Inorganic elements, such as copper, zinc and iron, are vital to the healthy functioning of all cells in living organisms. But they are high-maintenance nutrients, and too much can be toxic, as is the case in Wilson disease, a genetic disorder that prevents the body from getting rid of extra copper and leads to liver and neurological problems.
Copper also is an important cofactor for tumor angiogenesis, the process of growing new blood vessels to feed the tumor. Researchers believe this is why tetrathiomolybdate has shown promise as an anti-cancer drug.
The chain of discovery that led to the use of tetrathiomolybdate as a therapeutic agent began in the 1930s when cows grazing in certain types of pastures in England developed neurological problems. This trouble was then linked to other neurological problems with sheep grazing on certain soils in Australia. It was found that molybdate, a non-toxic compound present in the grass of these pastures, when consumed in excessive amounts by the ruminants, led to copper deficiencies and neurological problems in the animals.
As copper overload disorders such as Wilson disease were discovered in humans, physicians used molybdenum chemistry focusing on tetrathiomolybdate to lower copper levels in the body. (Tetrathiomolybdate is an inorganic small molecule first synthesized by J. J. Berzelius in 1826.)
Tetrathiomolybdate is the active pharmaceutical agent in a well-tolerated drug that has shown activity for the treatment of Wilson disease and now is in phase II clinical trials as an anti-cancer drug.
TM also has been examined in recent studies where copper dysregulation is implicated in the pathogenesis of neurodegenerative diseases such as familial amyotrophic lateral sclerosis (ALS), Parkinson’s disease, multiple sclerosis and Alzheimer’s disease as well as primary pulmonary hypertension and left ventricular hypertrophy associated with type II diabetes. Copper modulating agents including TM have been shown to be active in animal models of these diseases providing a rationale for advancing tetrathiomolybdates into clinical evaluation in these areas.

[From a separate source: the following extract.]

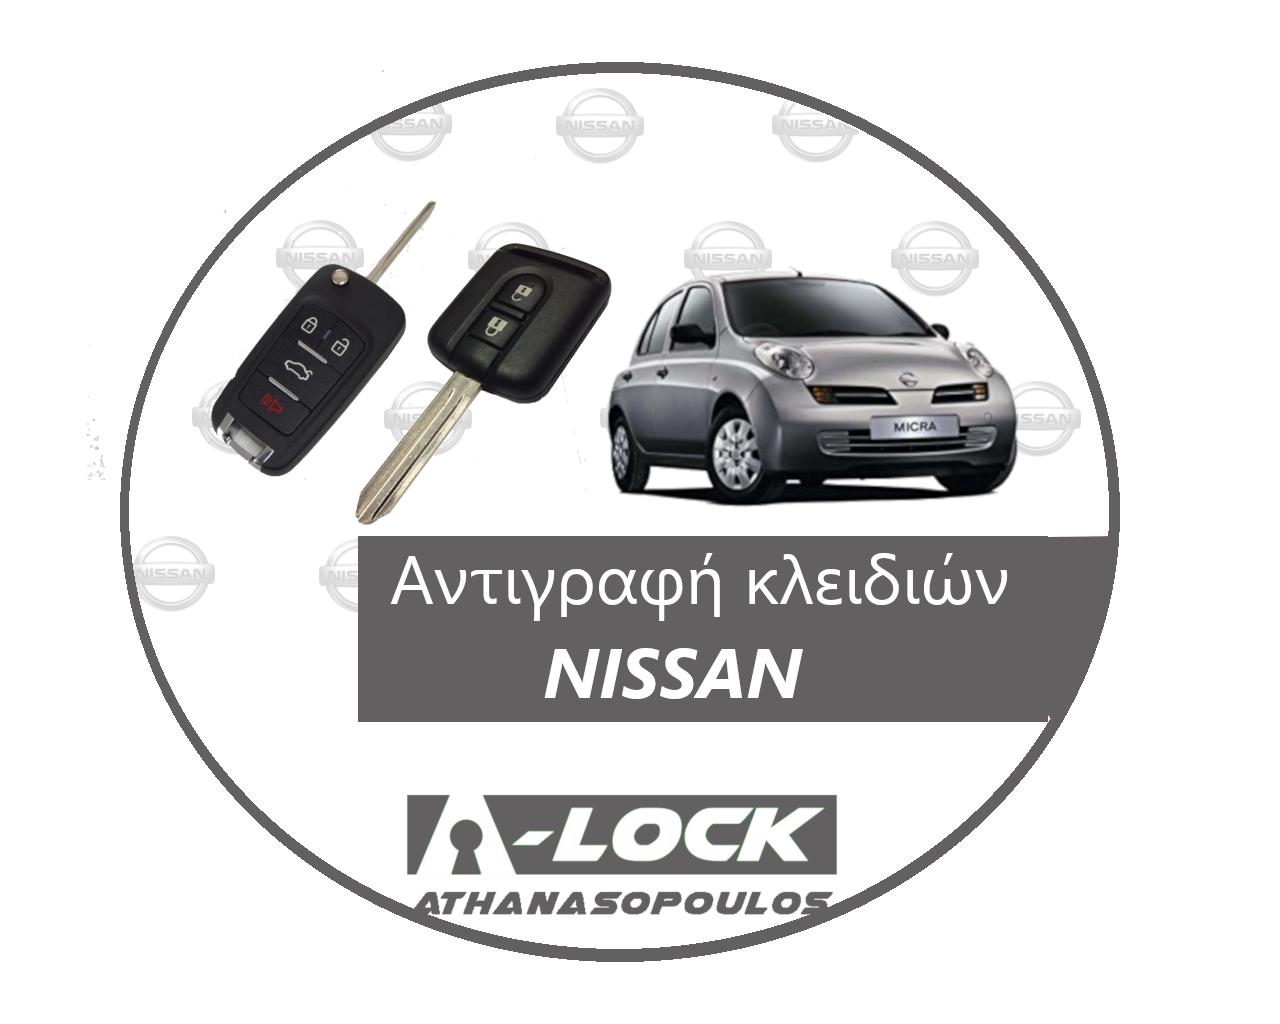 Αντιγραφές Κλειδιών Immobilizer Αυτοκινήτου NISSAN - 24 Ωρες Κλειδαράς Γαλάτσι A-Lock Αθανασόπουλος

O’Halloran also is director of Northwestern’s Chemistry of Life Processes Institute and serves as associate director for basic science research at the Robert H. Lurie Comprehensive Cancer Center of Northwestern University. Mondragón is a member and Alvarez was a Malkin Fellow of the Lurie Cancer Center.
The Science paper is titled “Tetrathiomolybdate Inhibits Copper Trafficking Proteins Through Metal Cluster Formation.” In addition to O’Halloran, Alvarez, Mondragón and Xue, other authors of the paper are Chandler D. Robinson, Mónica A. Canalizo-Hernández and Rebecca G. Marvin from Northwestern, and Rebekah A. Kelly and James E. Penner-Hahn from the University of Michigan.